Their short- (or mid-) term solution seems decent and more importantly Go core
team is working on addressing this particular issue (which given the Go 1.x
backward compatibility promise makes it really easy to reap all the benefits
with each Go release).

------
sharpneli
"Only if we attempt to read or write to the slice, will the page fault occur
that causes the physical RAM backing the virtual addresses to be allocated."
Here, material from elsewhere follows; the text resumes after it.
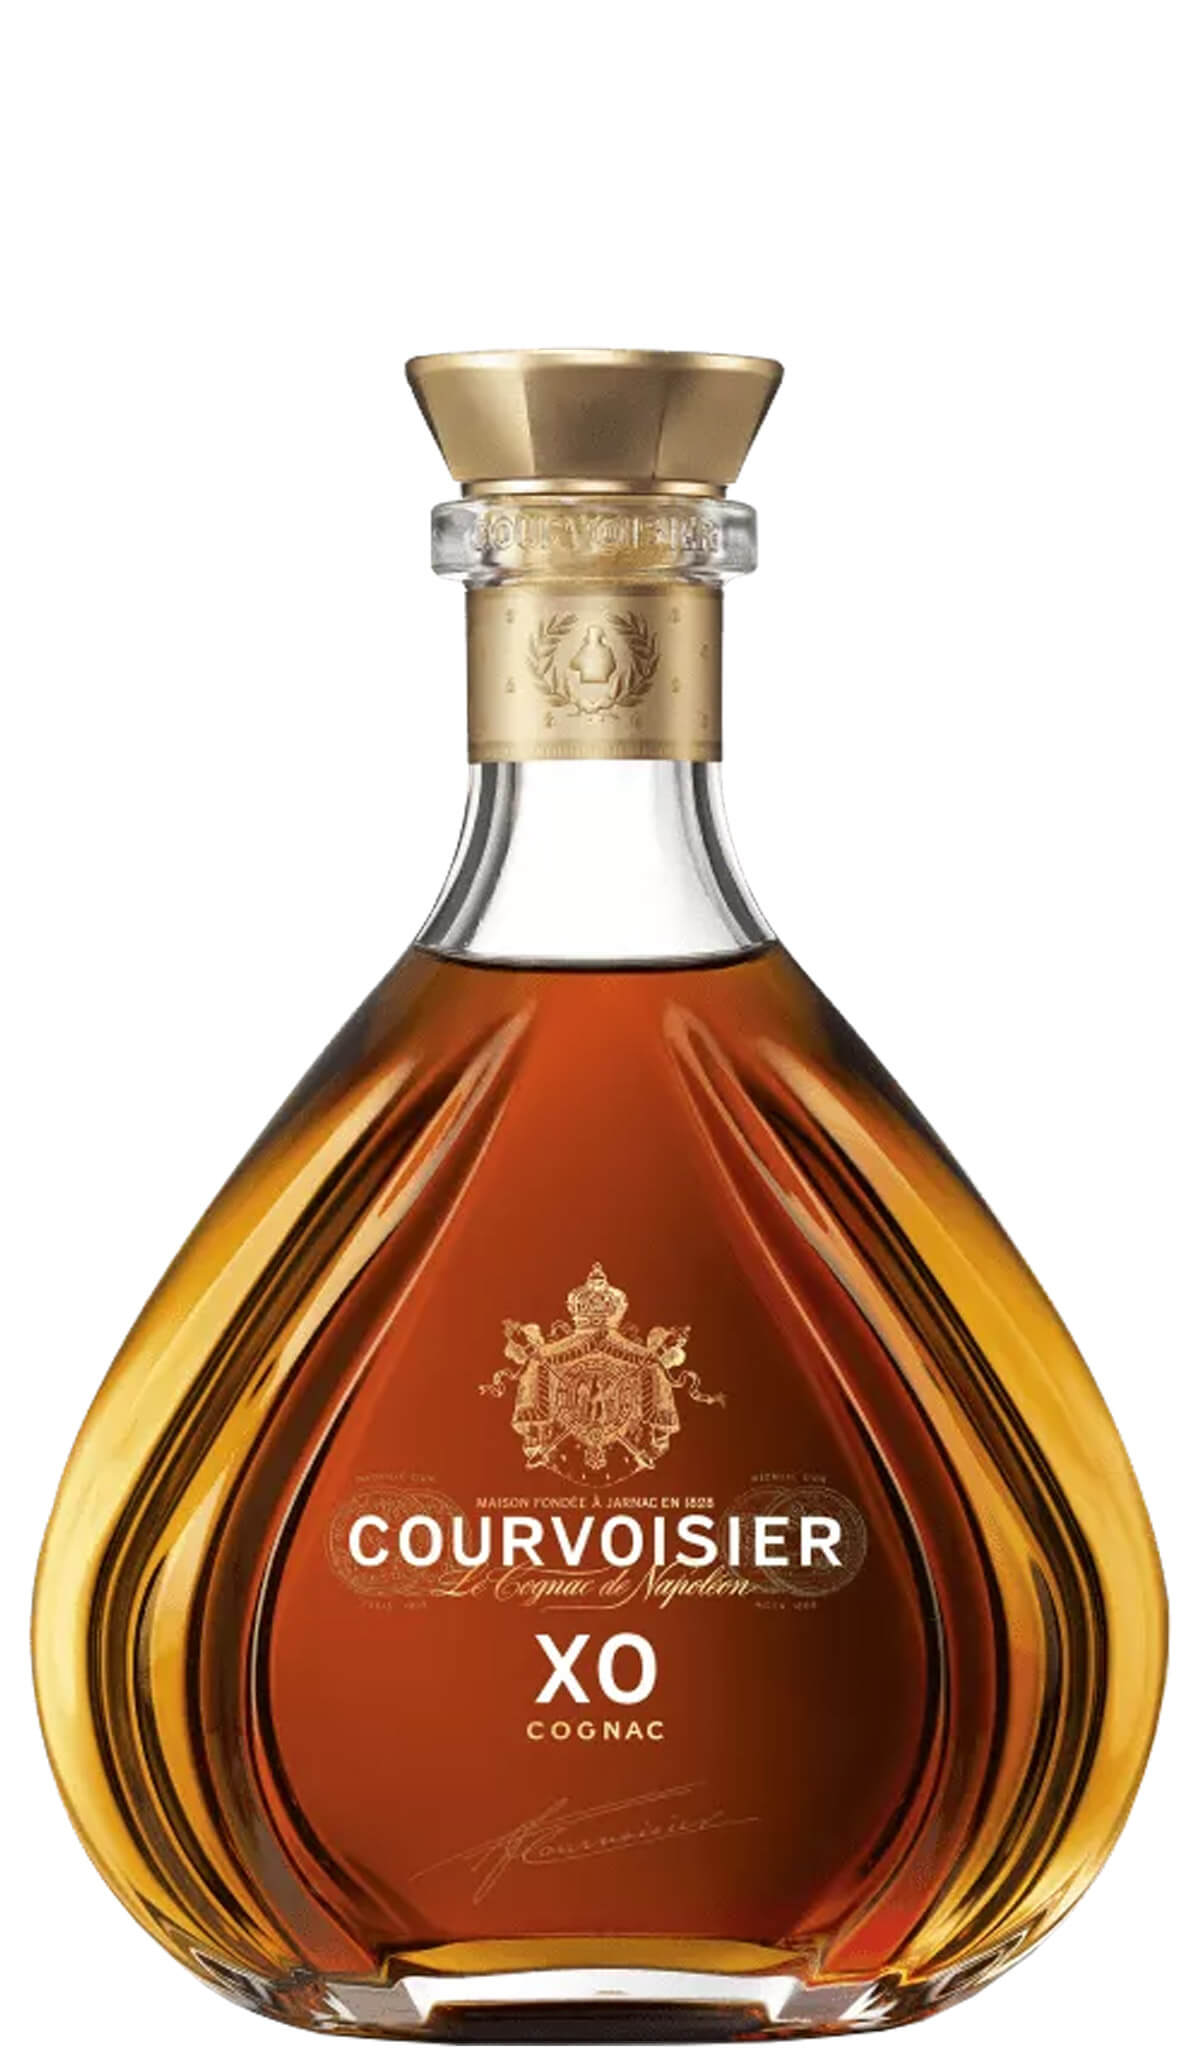 Courvoisier cognac. Коньяк Курвуазье Хо. Courvoisier XO Cognac. Коньяк Курвуазье x o. Courvoisier XO Extra old Cognac.

Tiny nitpick. On Linux at least you can read from the slice. New memory
allocations are given a copy on write zero page (full of zeroes). So you can
easily read that 10GB worth of zeroes out and still memory consumption
wouldn't increase.

Only when you write a pagefault is issued and you'll get real backing for it.

------
noelwelsh
I'm really surprised there are no flags to configure GC behaviour in Go. This
is fairly standard performance tuning stuff on the JVM which provides a number
of options to control GC behaviour, minimum and maximum heap size being some
of the basic ones.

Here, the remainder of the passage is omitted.